The stripers have become standoffish. Sure, some sharpies are still managing successful snag-and-drop sessions atop bunker pods. More and more, sharks are now hungrily hanging under the bunkies.

I managed a take-home bass, plugged near the outflow from the Surf City beach fix. Speaking of which, I got a report that anglers had taken some major cows in the run-off from the replenishment project. The dredged water is turbid – and rich in tidbits, like busted up clams and such.

The beach-refix is already approaching the north end of the borough. It’s on a roll, that’s for sure. That pumped in sand is being essentially filtered at both ends, firstly, when forced through screening as it is being sucked into the dredge pipes, then, again, when it comes out. That final screening is watched closely by experts. So far there have been a mere two “pieces” of fuses found. While there will surely be no danger from archaic explosive items hitting the sands, the much smaller screen grade means that cool things like sand dollars and even Indian artifacts won’t be making it through – the way they did first go’round.
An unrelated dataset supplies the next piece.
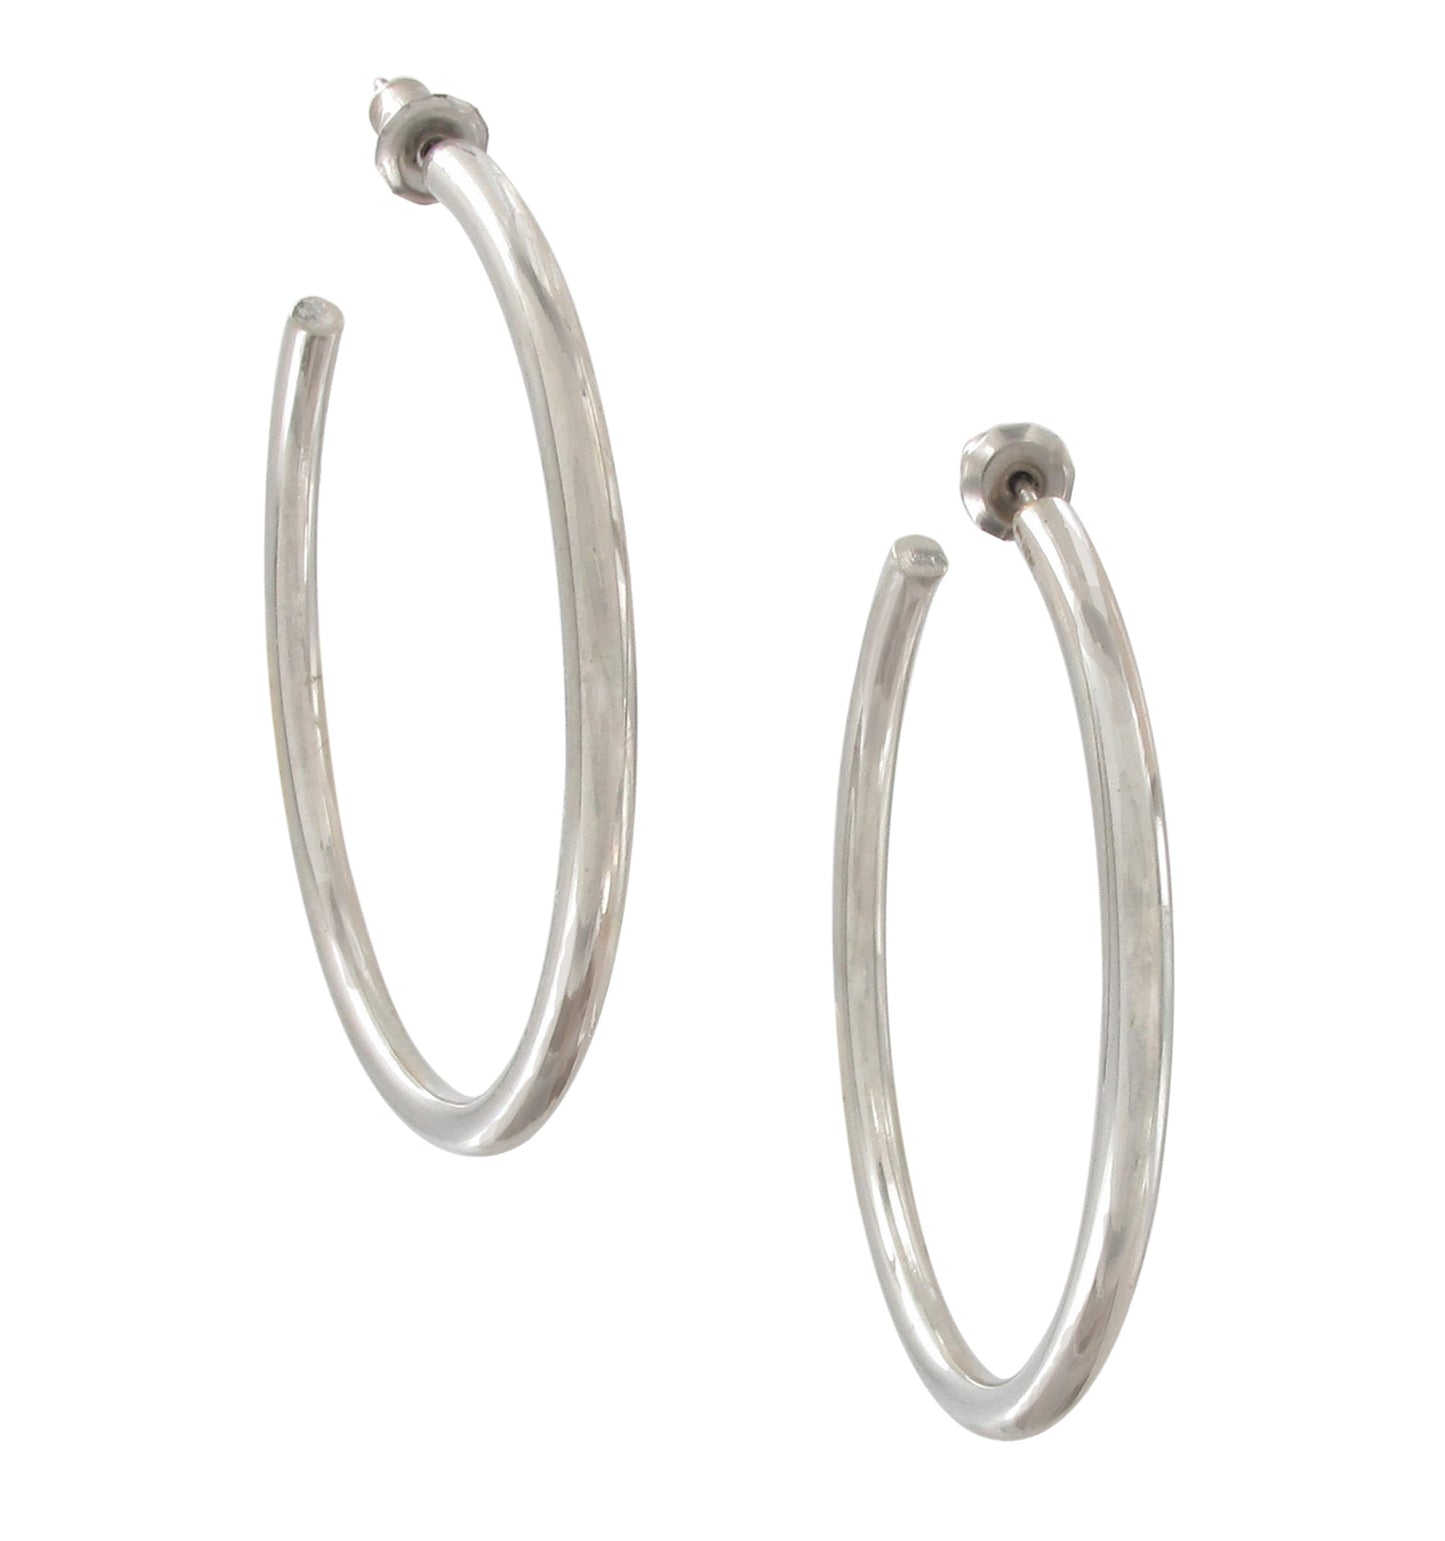 Classic Thin Plain Wire Silver Tone Round Hoop Earrings Pierced 1 5/8"
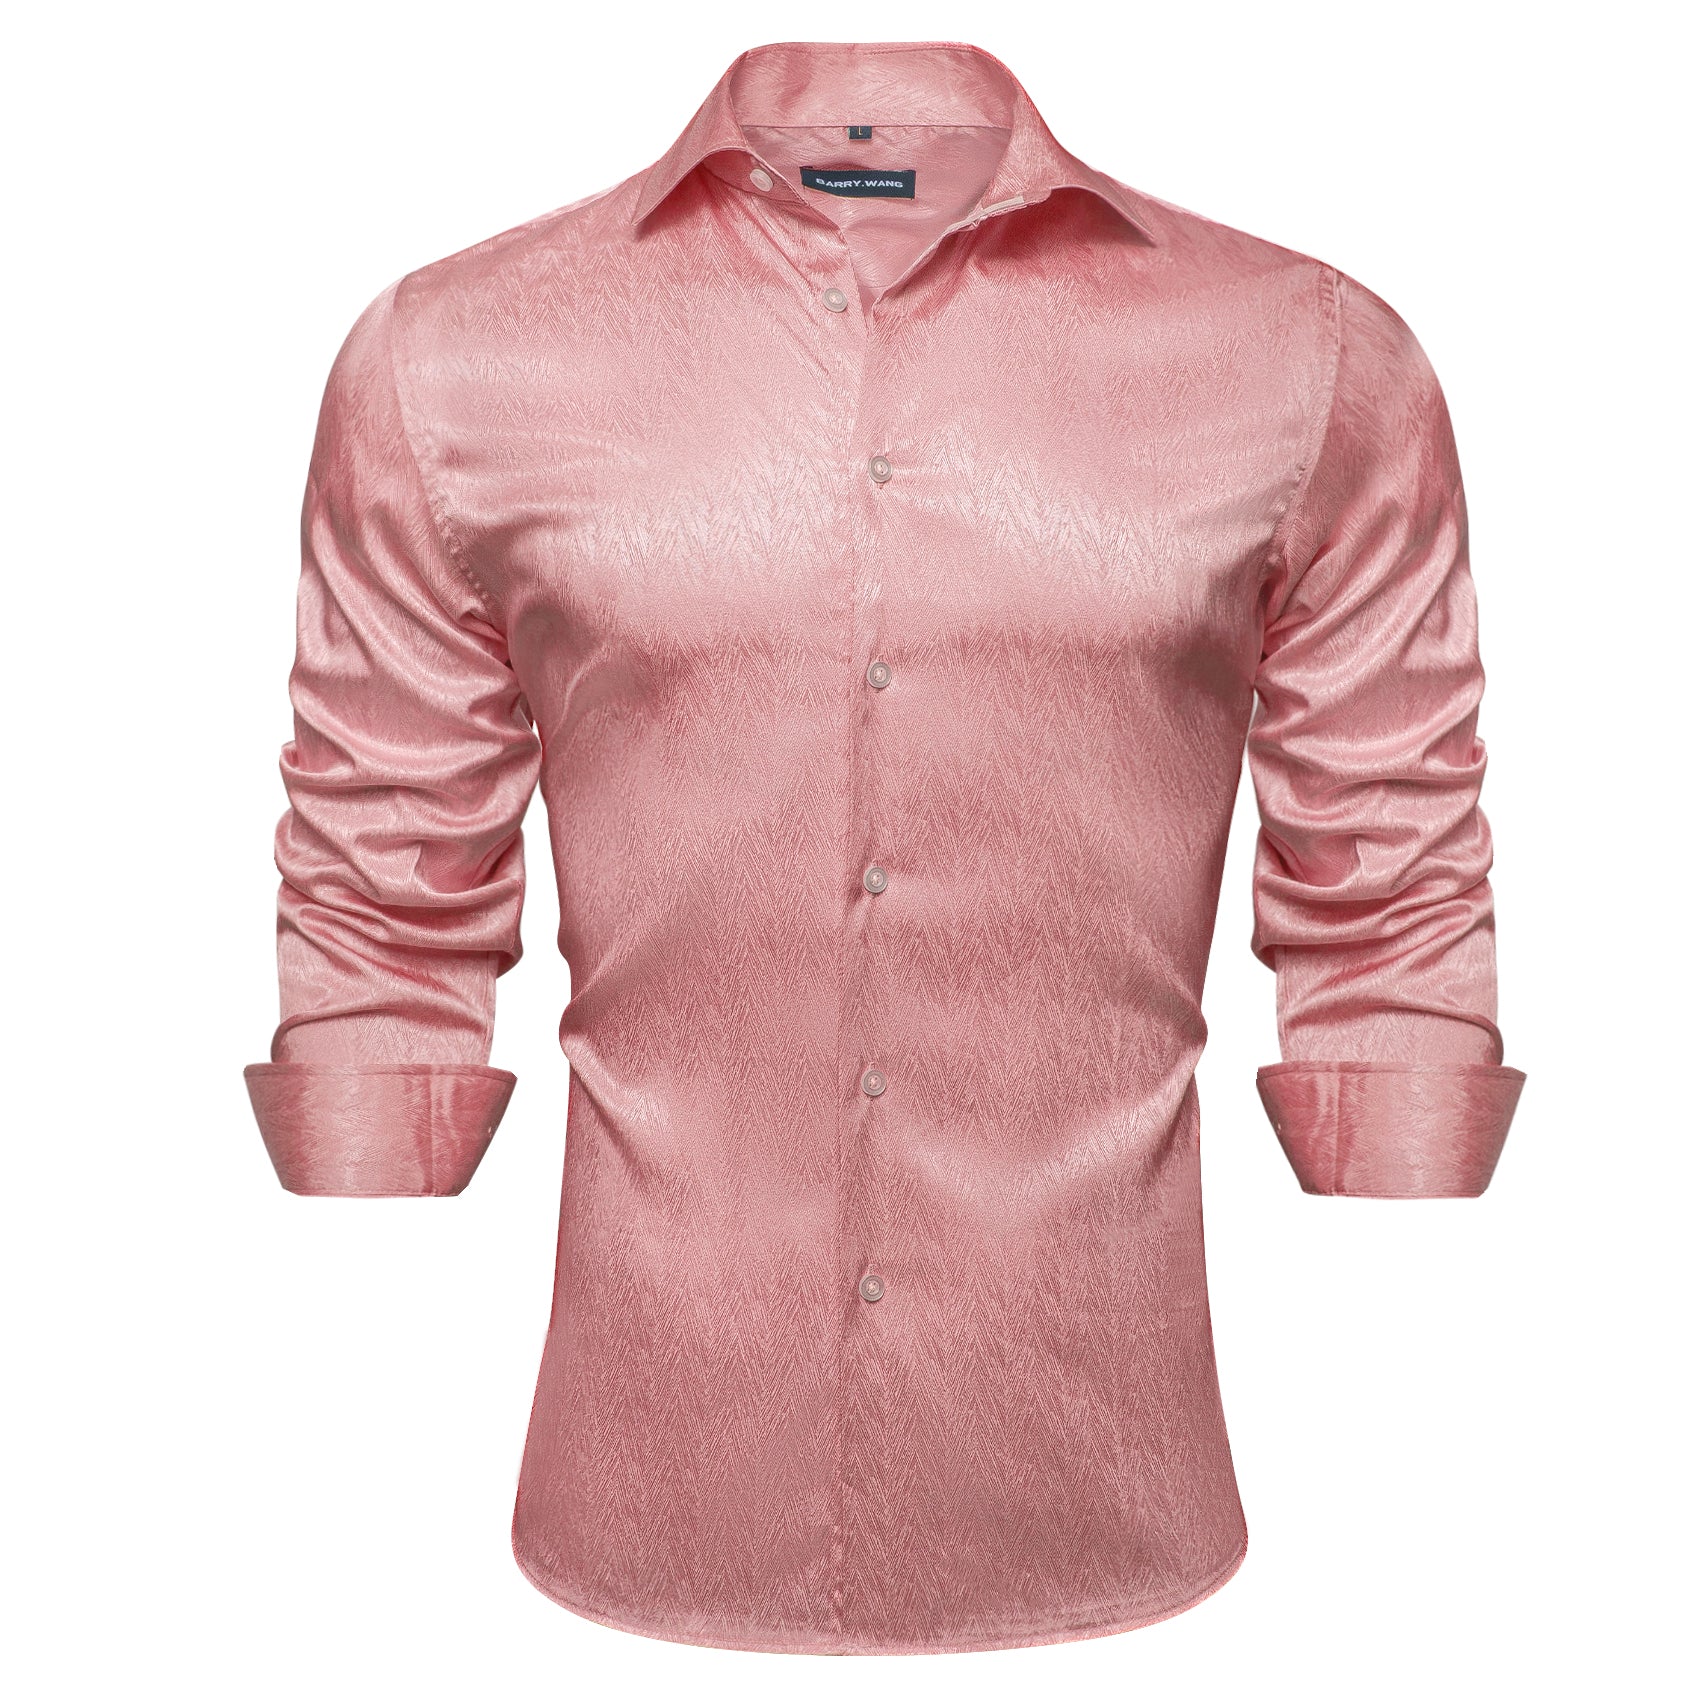 Barry.wang Fashion Rose Pink Solid Silk Shirt

The black seabass are not showing well at all. I swear the annual recruitment of this failing species is being annihilated by so many fluke along the bottom, where the little seabass must pass to reach the ocean come fall. The same fluke fate awaits tog and even winter flounder. Face it, the bay and inlet bottom is all but bricked in fluke. Baby one species and throw the others out with the bay water.